RECORDS TO PROCESS
* * * * * * * * *
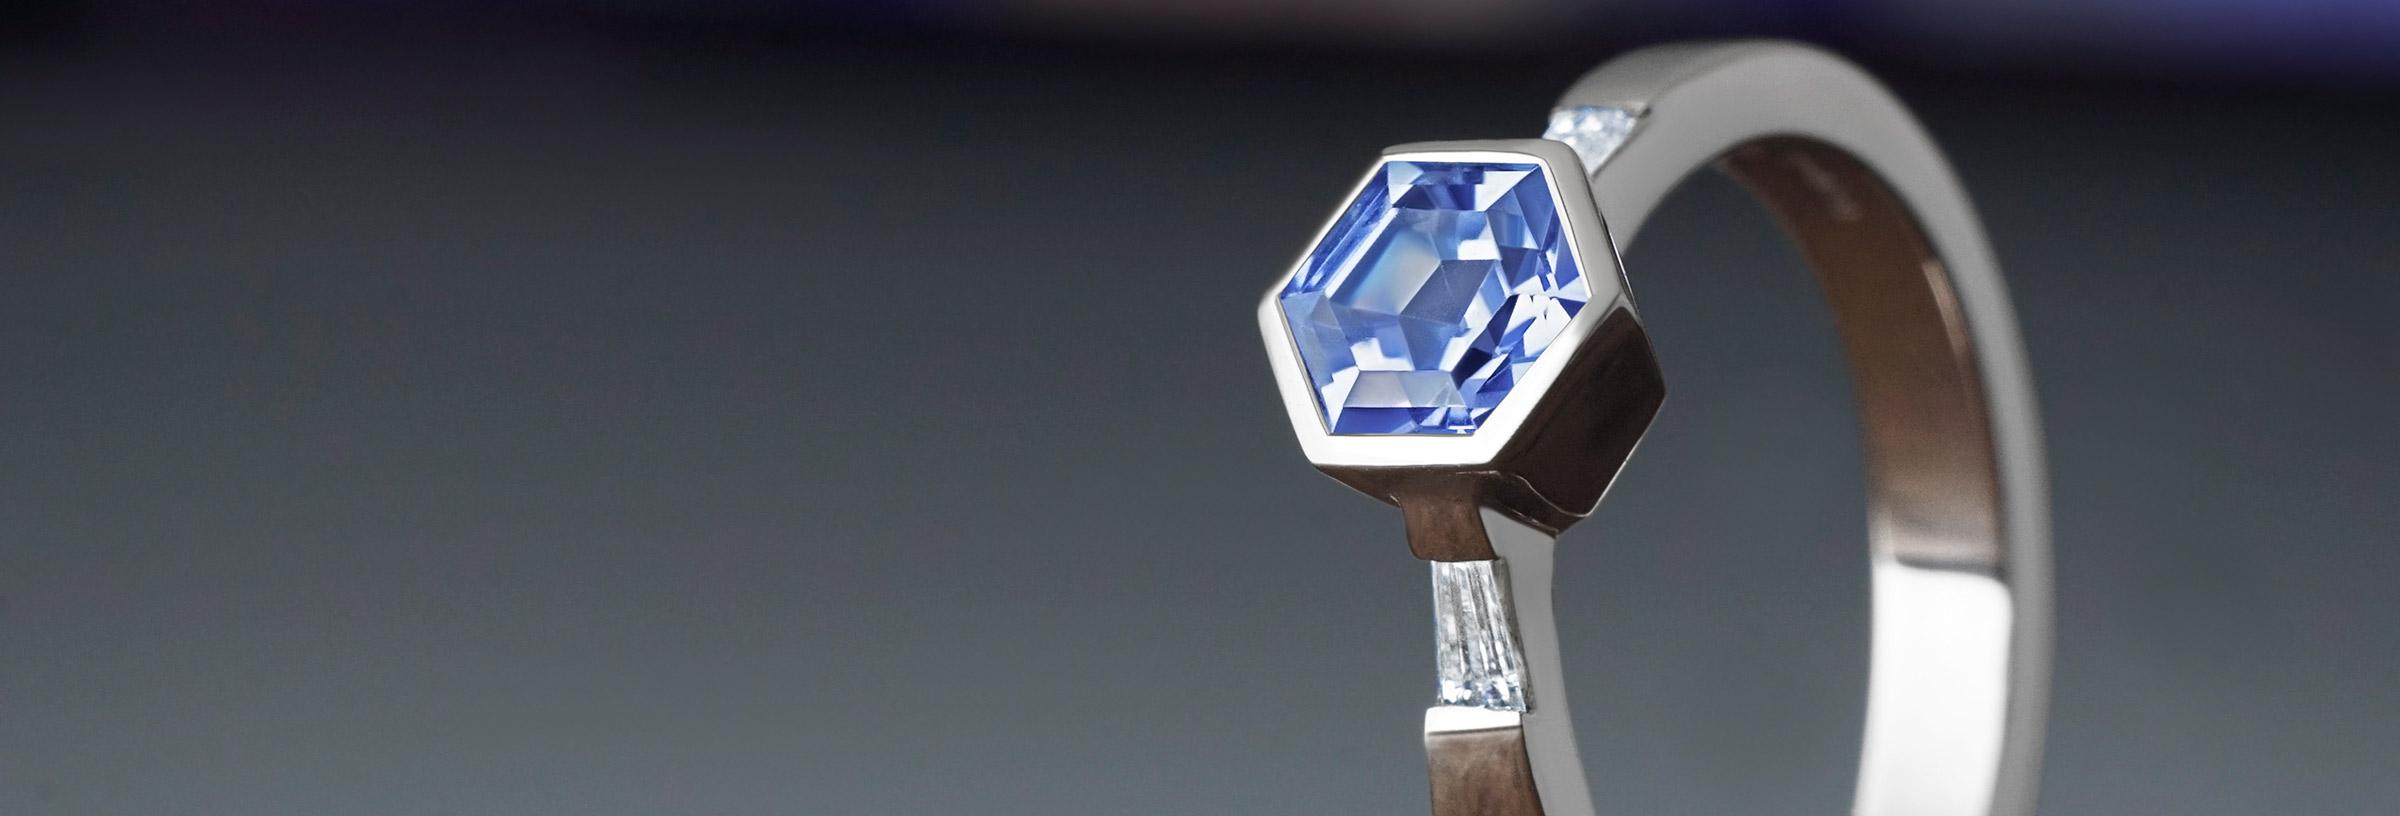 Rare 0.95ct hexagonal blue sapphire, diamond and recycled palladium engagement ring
* * * * * * * * *
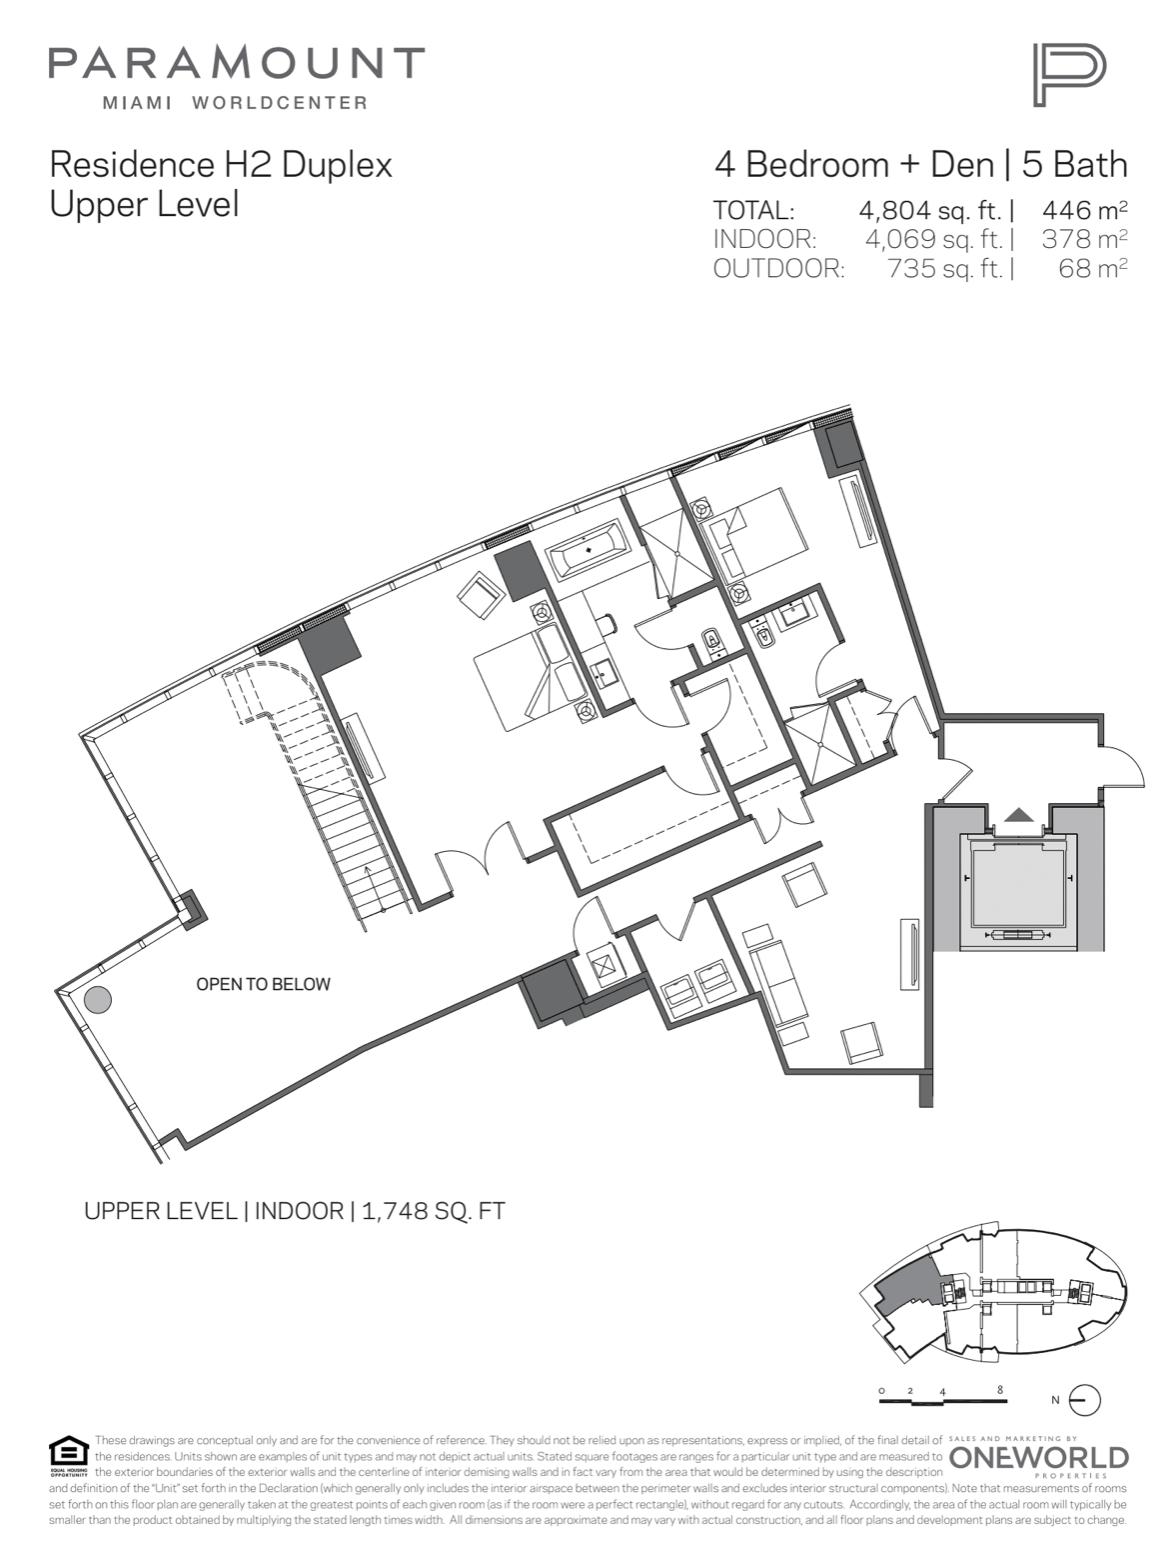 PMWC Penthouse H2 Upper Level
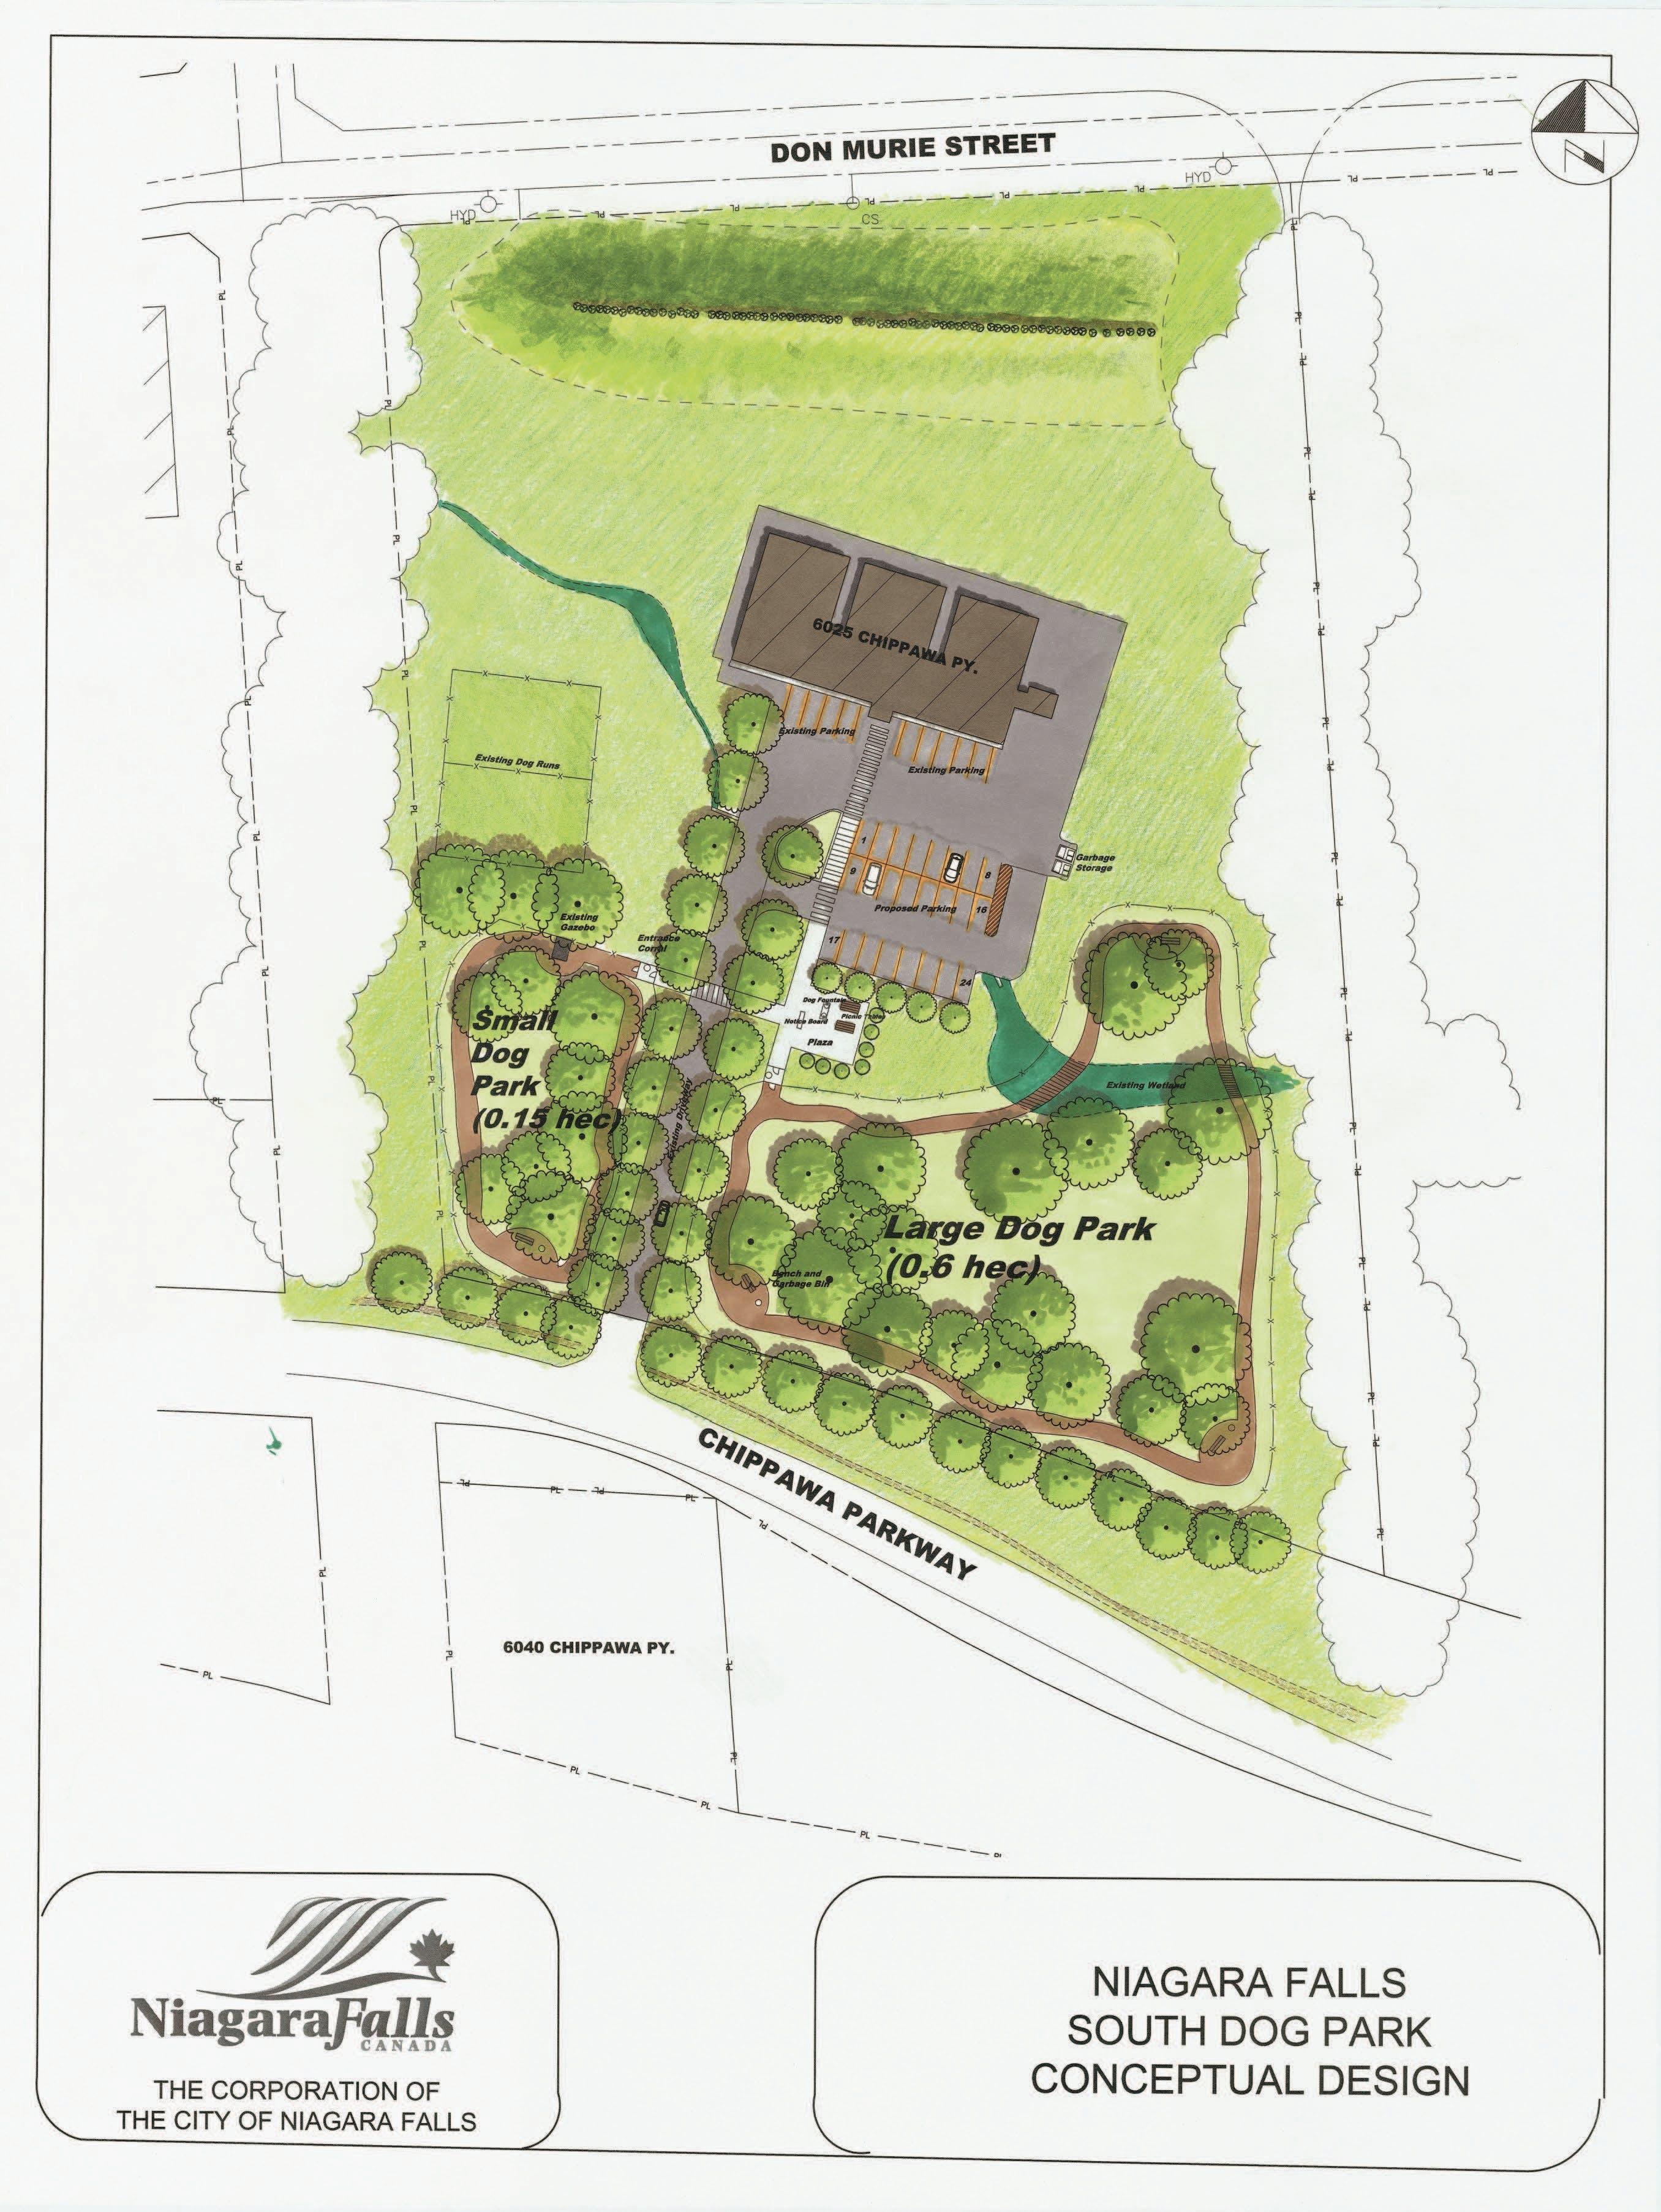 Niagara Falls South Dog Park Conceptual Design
* * * * * * * * *
What you return must match the lines above from the one with "PMWC Penthouse H2 Upper Level" through the one with "Niagara Falls South" exactly, with both ends included and the pictures excluded.

 PMWC Penthouse H2 Upper Level
 Niagara Falls South Dog Park Conceptual Design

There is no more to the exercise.